I started madebynathan.com in 2010 as a technical blog. Programming, electronics, hardware projects, the usual maker stuff. For about fifteen years that’s mostly what it was.

Then at some point I stopped filtering. I started posting about whatever rabbit hole I fell down that week: simulation theory, wargaming history, the etymology of “Cossack”. Chasing random curiosities turns out to be a lot of fun, and AI gives me superpowers here. I can go from “wait, is Prussia just Russia with a P?” to a properly researched deep dive in an afternoon.

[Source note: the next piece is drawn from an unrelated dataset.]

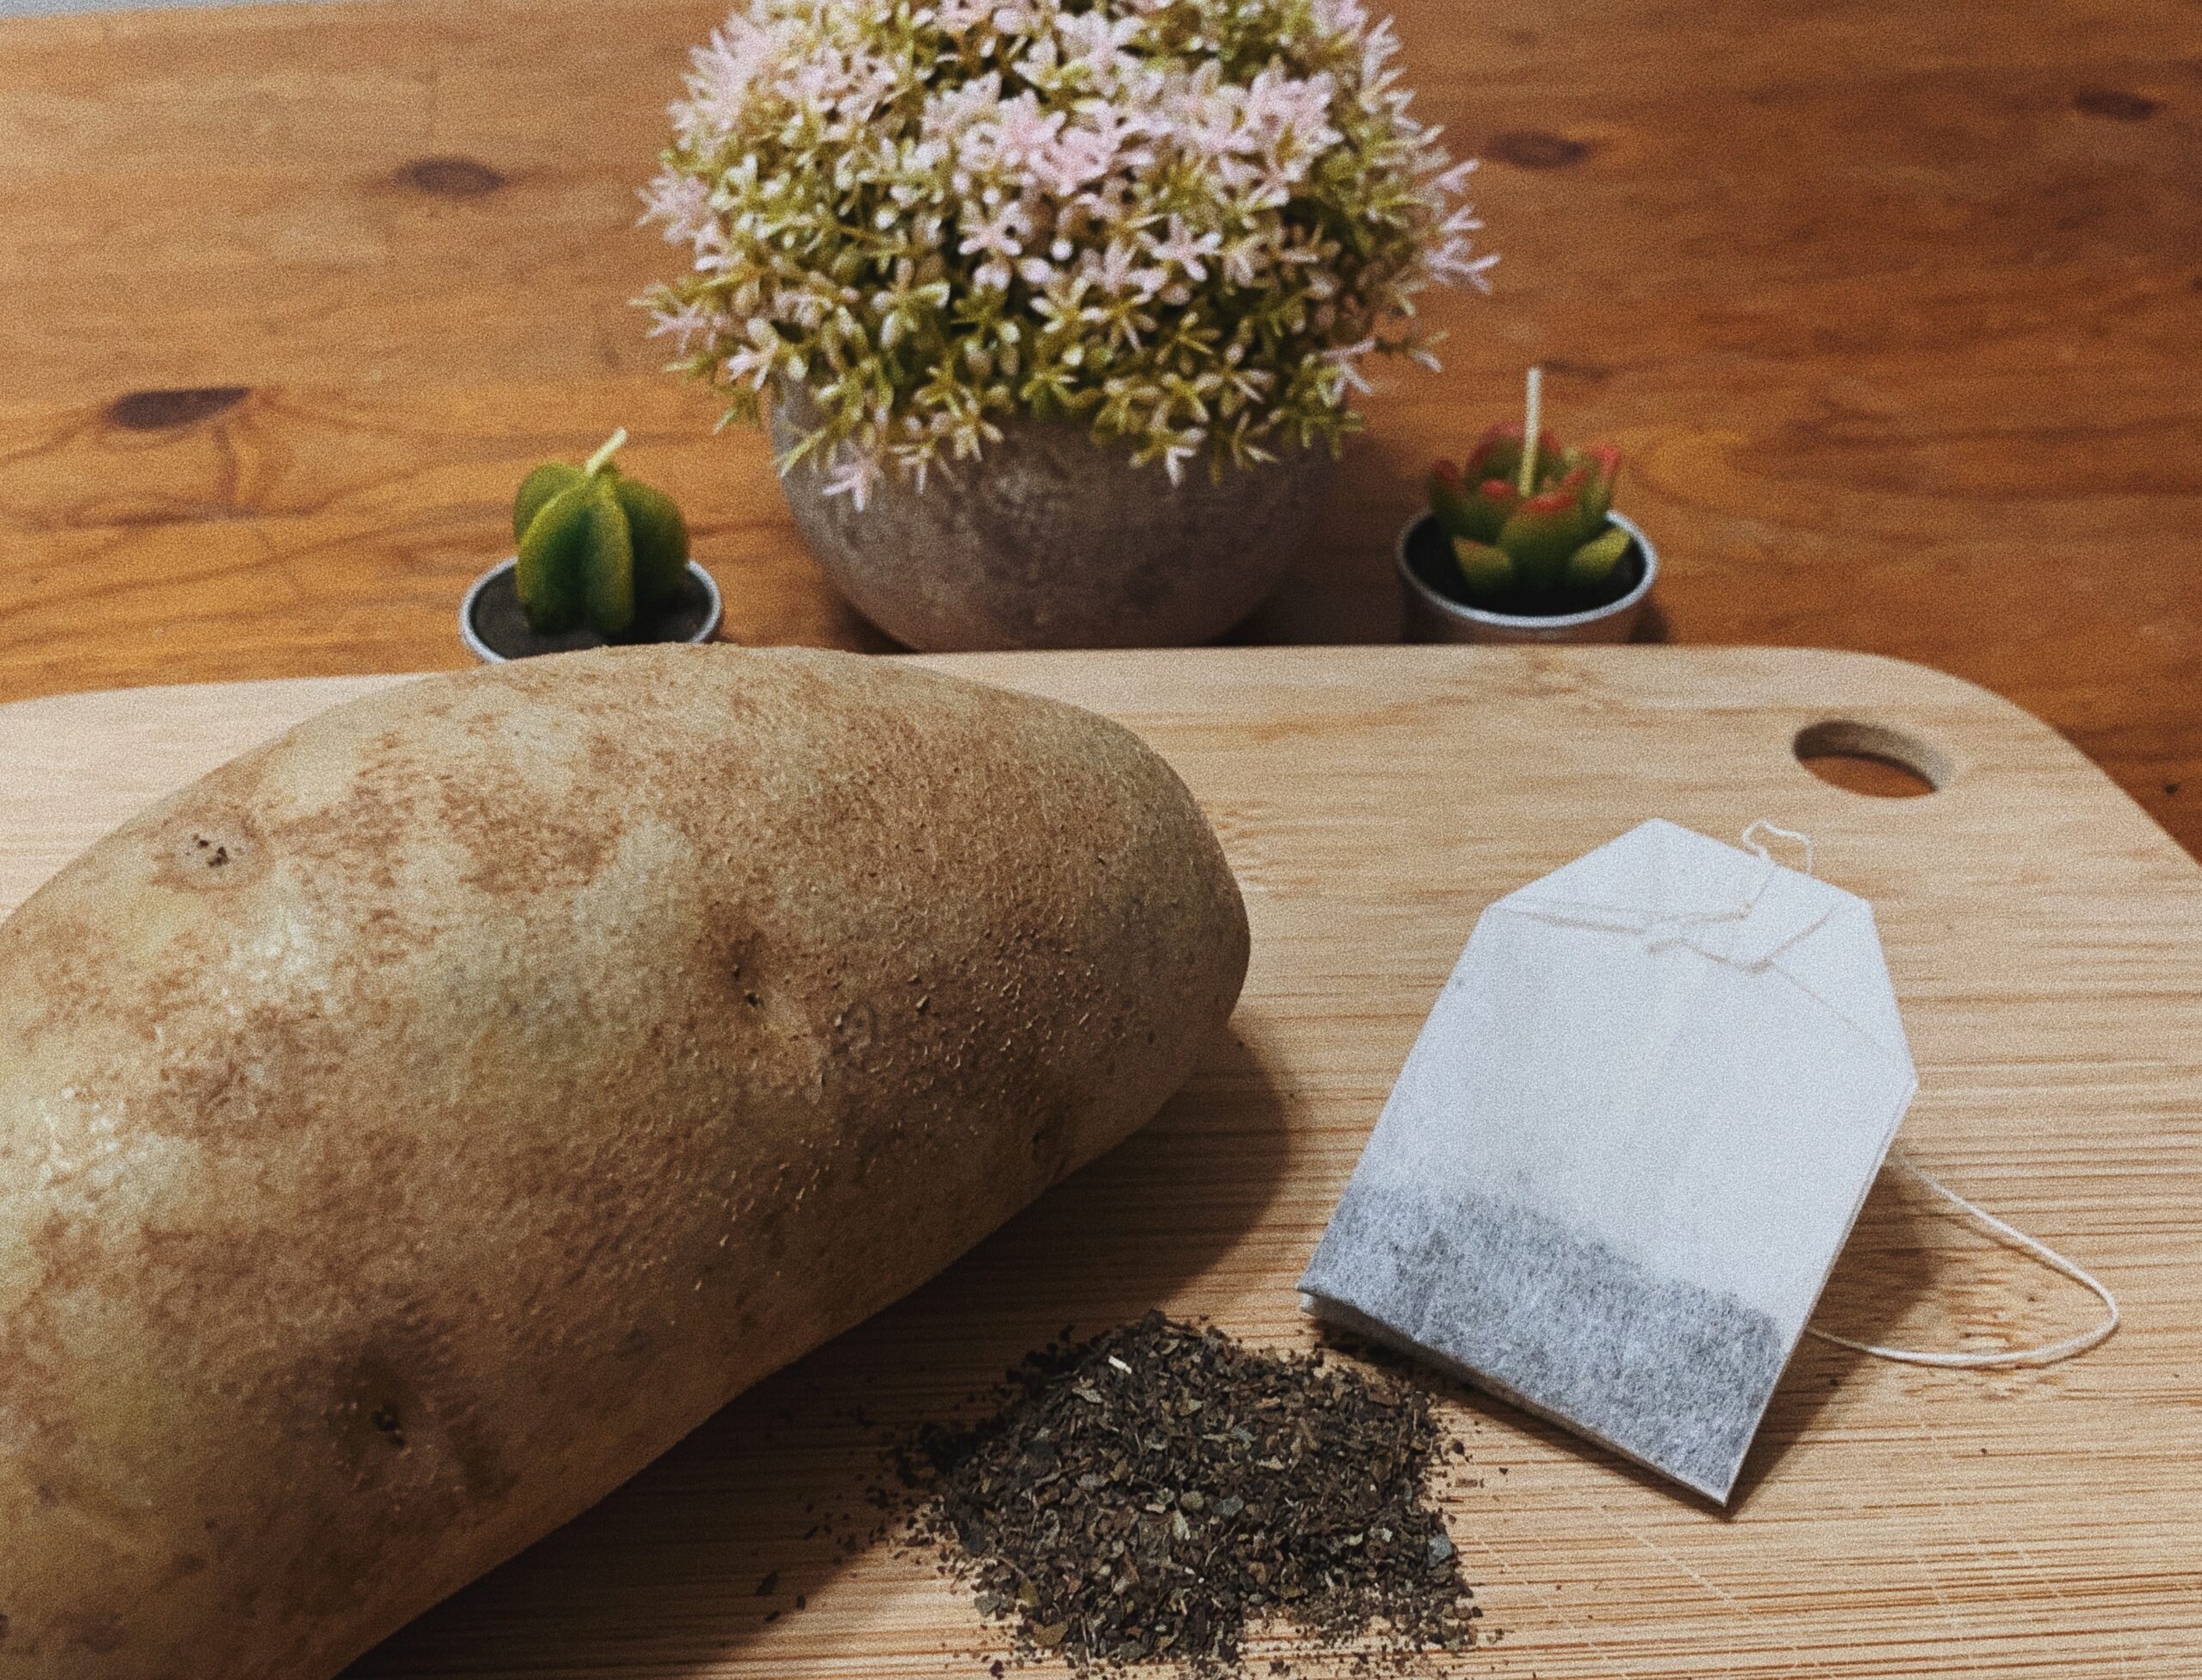 A natural skincare treatment featuring a potato and tea bag.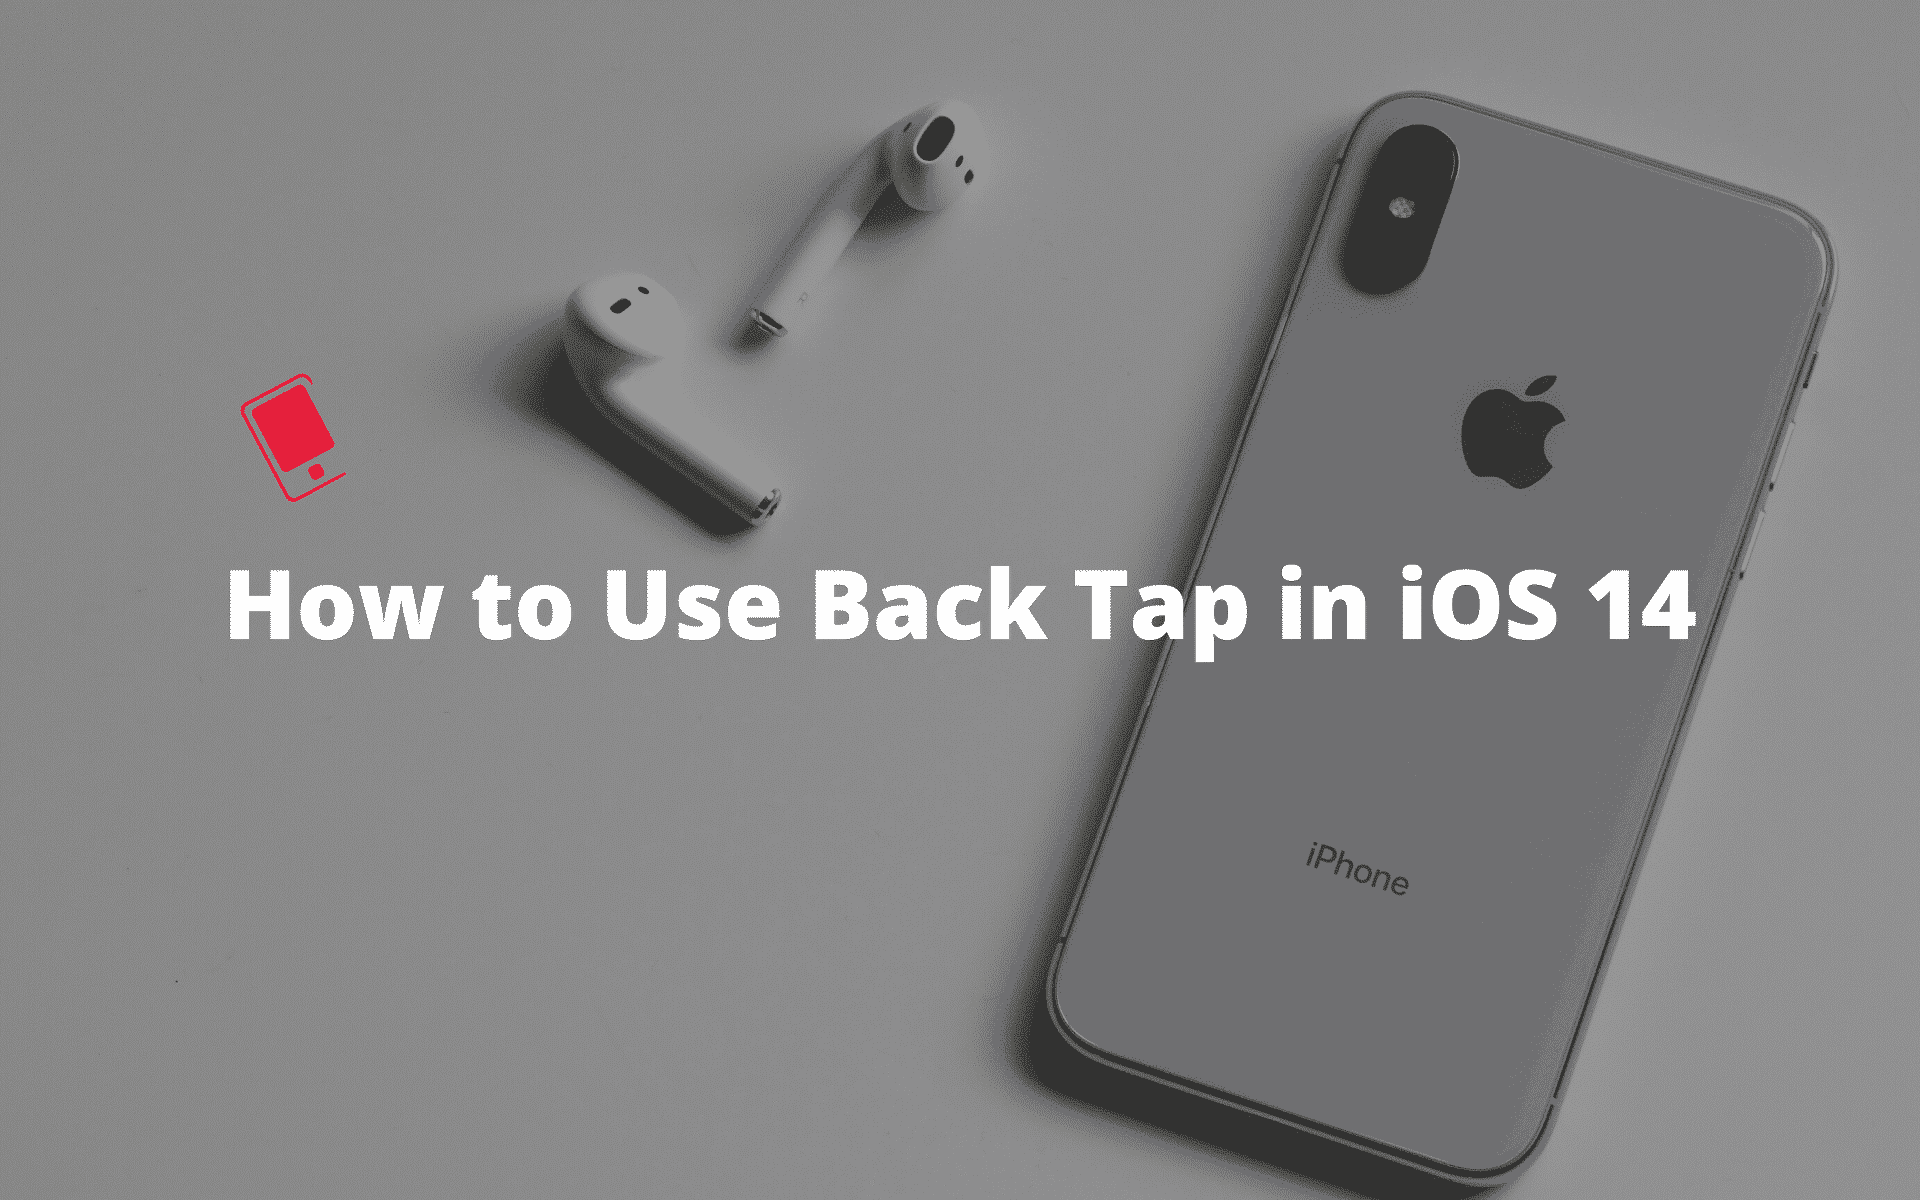 Cách sử dụng Back Tap trên iPhone iOS 14 để mở ứng dụng, chụp màn hình,... chỉ bằng vài chạm

That’s the whole premise of this new blog. So to kick things off, here’s an index of the most random posts from the original site, with a paragraph on each. Consider it my credentials.

The Reflective Universe Hypothesis

If the universe is a computation, could it carry fingerprints of whatever it’s running on? This post separates simulators (they reproduce behavior) from emulators (they reproduce the machinery), builds a taxonomy of simulation types, and works out why a universe can never perfectly simulate itself, though compressed universes with simplified rules are still on the table. It ends with a thought experiment I called the Causal Closure Experiment: a sufficiently advanced civilization could search for structured violations of physical law as evidence of a deeper causal layer underneath reality. None of it is testable, which is sort of the point.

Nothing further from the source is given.